Tuesday, January 26, 2010

THE SUPREME COURT v. THE PEOPLE

America faces enough poverty, job scarcity, and general economic struggles to cripple the best of nations. Amidst our struggles, a new crisis approaches, and is upon us. The Supreme Court, last week, decided to allow corporations to use their treasury funds to run political influence campaigns through mailings, TV ads, and numerous other avenues, opening wide the gates for corporate manipulation of federal elections. Now democracy can be bought and sold with even greater alacrity than ever before – a feat hitherto thought impossible.

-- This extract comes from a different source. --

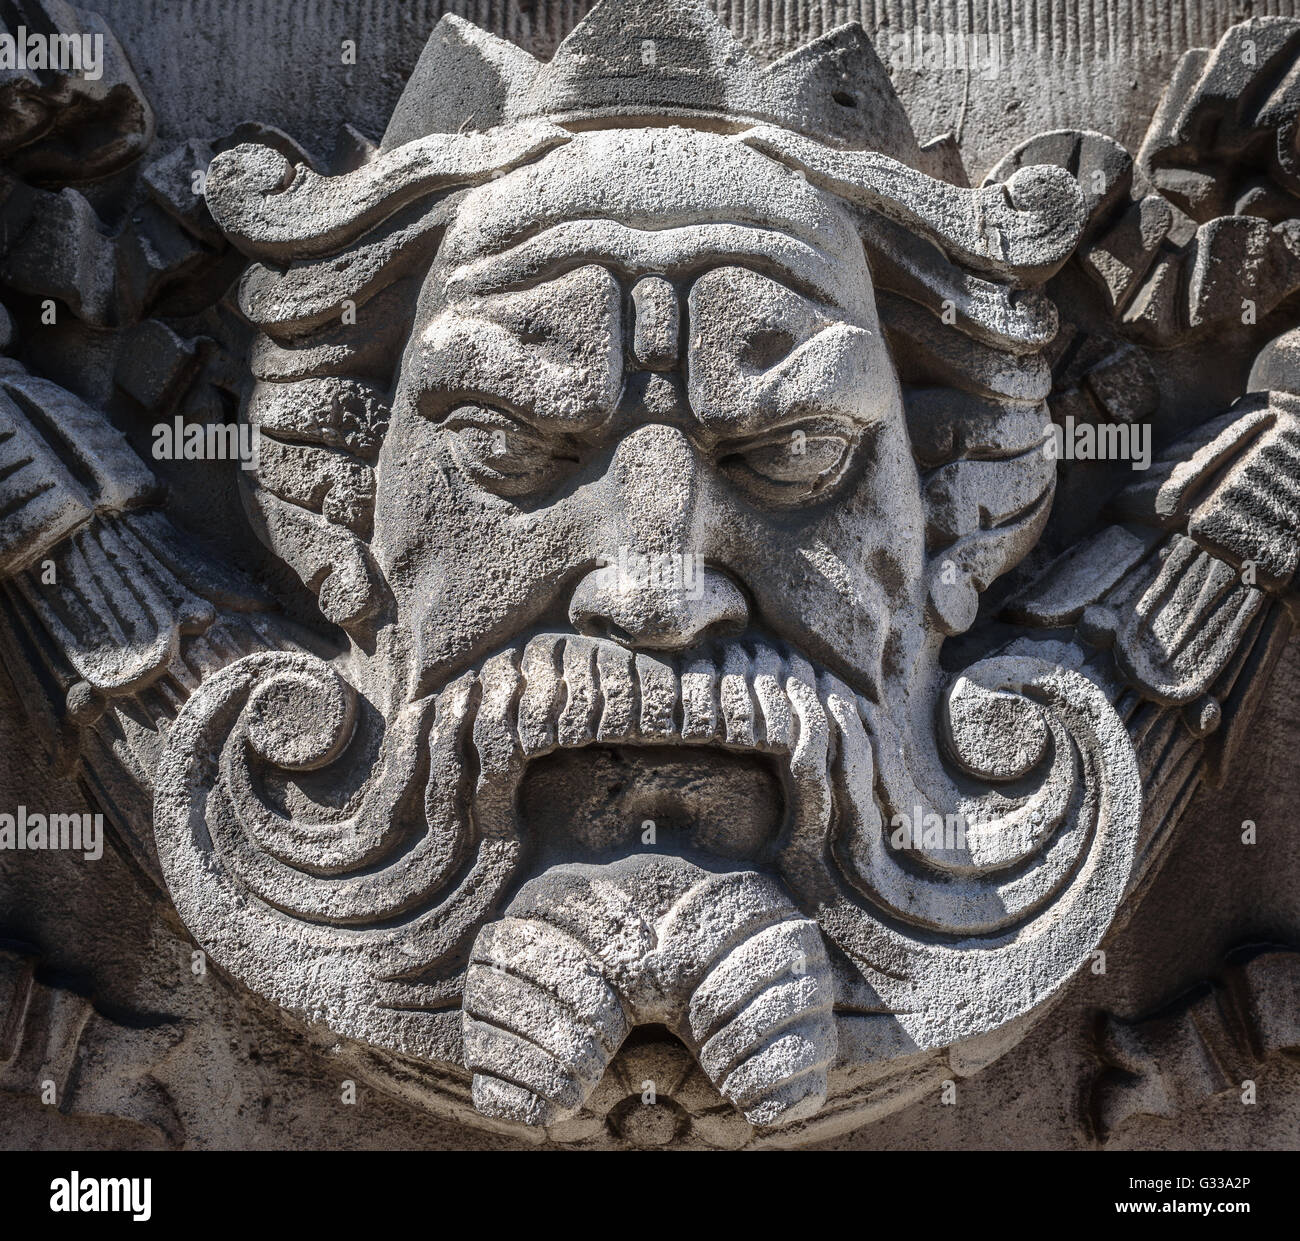 The face of a king carved in stone on the facade of a building in Liverpool. Stock Photo

This scary proposition will become a reality now as large companies start shoveling money towards the upcoming May Colorado elections. Special interest groups with billions of dollars are now encouraged to heavily advertise and promote to their advantage. But in spite of the Supreme Court’s insistence that their decision upheld free speech, the voice of the individual, and therefore the voice of the people, can and will be smothered, successfully eliminating freedom of speech itself.


But in the end, it’s really not even about your preferences or mine. This decision affects the very freedom of speech the Supreme Court claimed to defend. With this decision, your freedom of speech is now limited by the fact that you’re only an individual. You’re still allowed to speak, but it's roughly the equivalent of telling you that you're allowed to voice your opinion – and then turning music up to 300 decibels and starting the vacuum! Your voice, albeit free to speak, carries no weight and therefore cannot affect any change because it cannot be heard. So all of a sudden the corporations’ "freedom of speech" (run by a select few with the power, control, and money) carries 1,000,000 times more weight (in American dollars) than does the average person’s freedom. So by multiplying the effect of the corporations’ “free” speech, the Court has divided the individual’s by the same number, seriously diminishing his ability to have any effect at all.

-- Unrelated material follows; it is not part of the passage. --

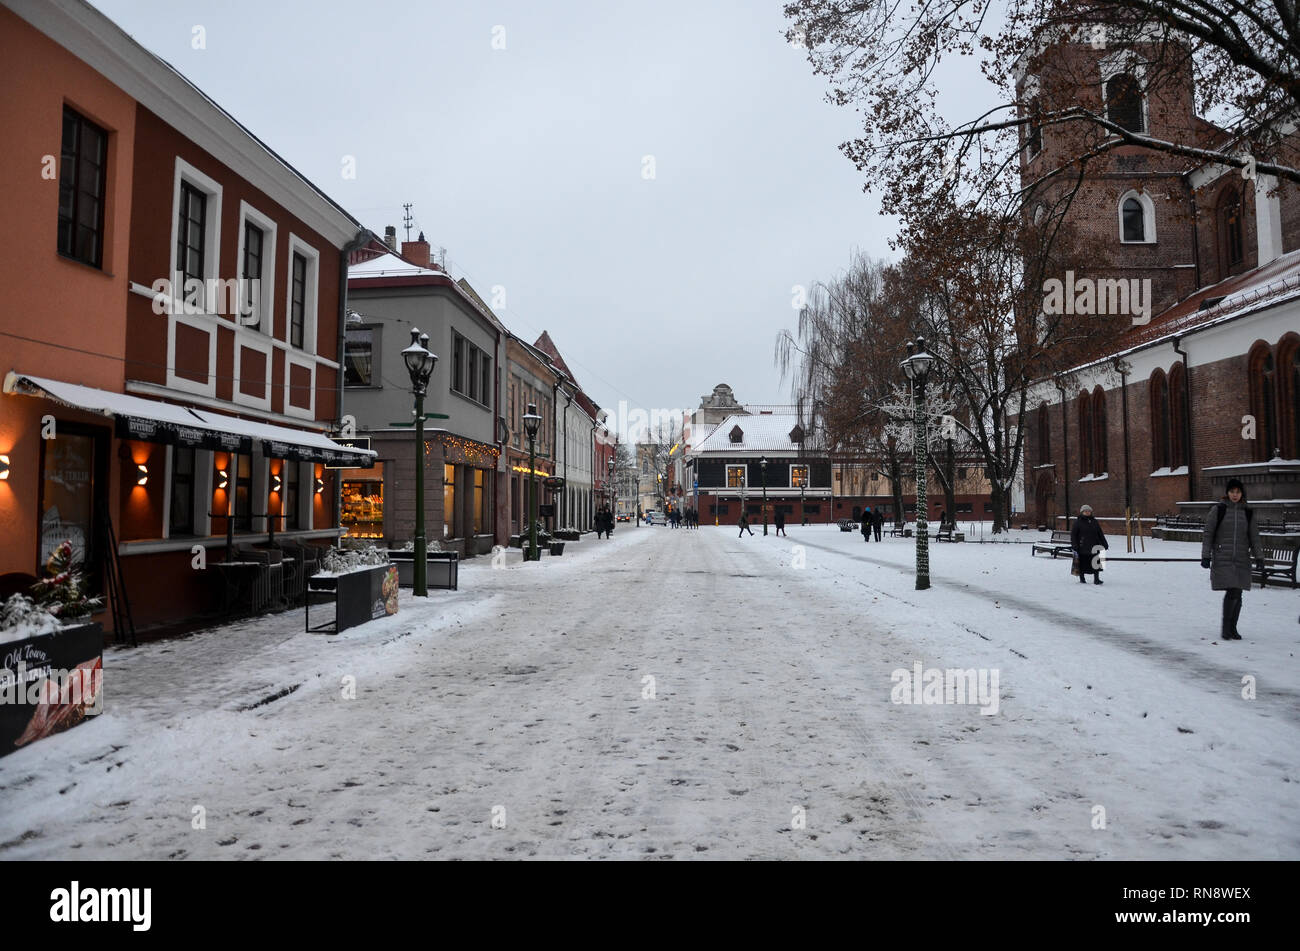 Vilniaus street, with Kaunas Cathedral Basilica to the right, Old Town, central Kaunas, Lithuania, December 2018 Stock Photo

Aside from freedom of speech issues, this should be a cause of great concern to the people of the United States. Most of us have heard the old saying that “politics follows the Golden Rule...those who have the gold, rule,” but this decision by our Supreme Court takes it to a whole new level. Allowing corporations, usually owned and run by one person or one small group of persons, to spend however much they want essentially allows them to buy votes. The riches of these corporations, derived from the public’s pockets, can now be spent to further the interests of big business and big government. Consumers, who must spend their money to buy necessities like food and clothing, now must stand helplessly watching as those corporations use their money funding political campaigns the consumers may or may not favor. In effect, with our money go our vote and our voice, exiting the hands of the people and landing squarely in the lap of the executive upper class on Wall Street.

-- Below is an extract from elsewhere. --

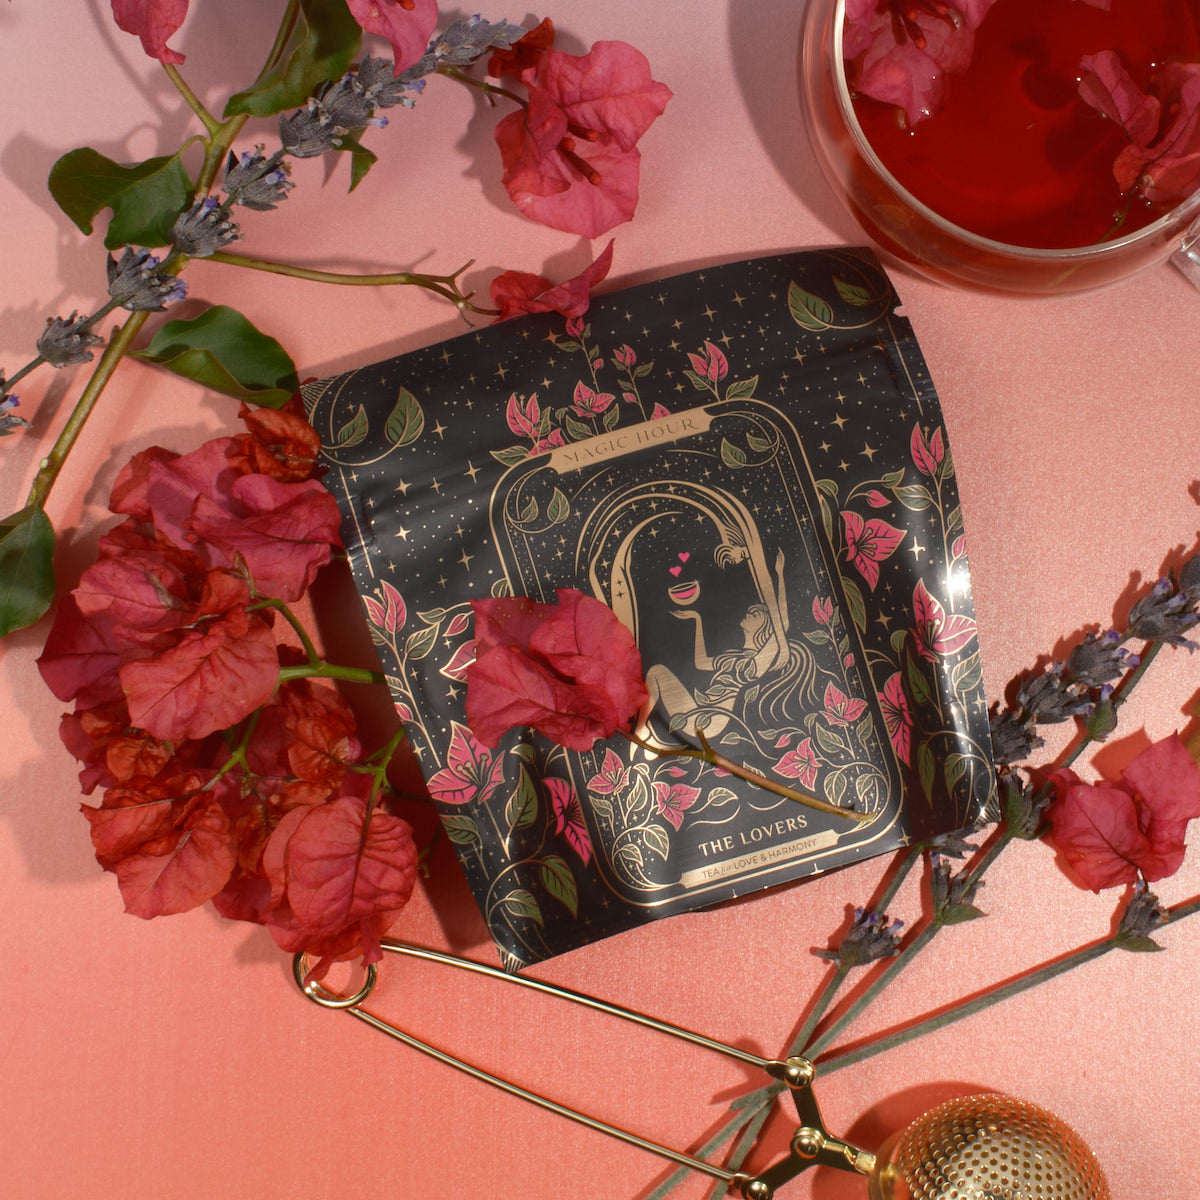 A packet of tea labeled &quot;The Lovers&quot; from Magic Hour is surrounded by red flowers and lavender sprigs on a gradient pink background. A golden tea infuser and a clear cup of red tea with Organic Hibiscus are also positioned nearby. The packet has an intricate, artistic design.

Therefore, while claiming to defend free speech, this Supreme Court decision has upended the balance of free speech in favor of Wall Street and the big corporations who run it. The Supreme Court has missed the point by deciding that corporations’ voices should be allowed to drown out the people’s voice. This decision reeks of oligarchy, promises even more future political greed, and guarantees that politicians and votes will be bought and pocketed like never before.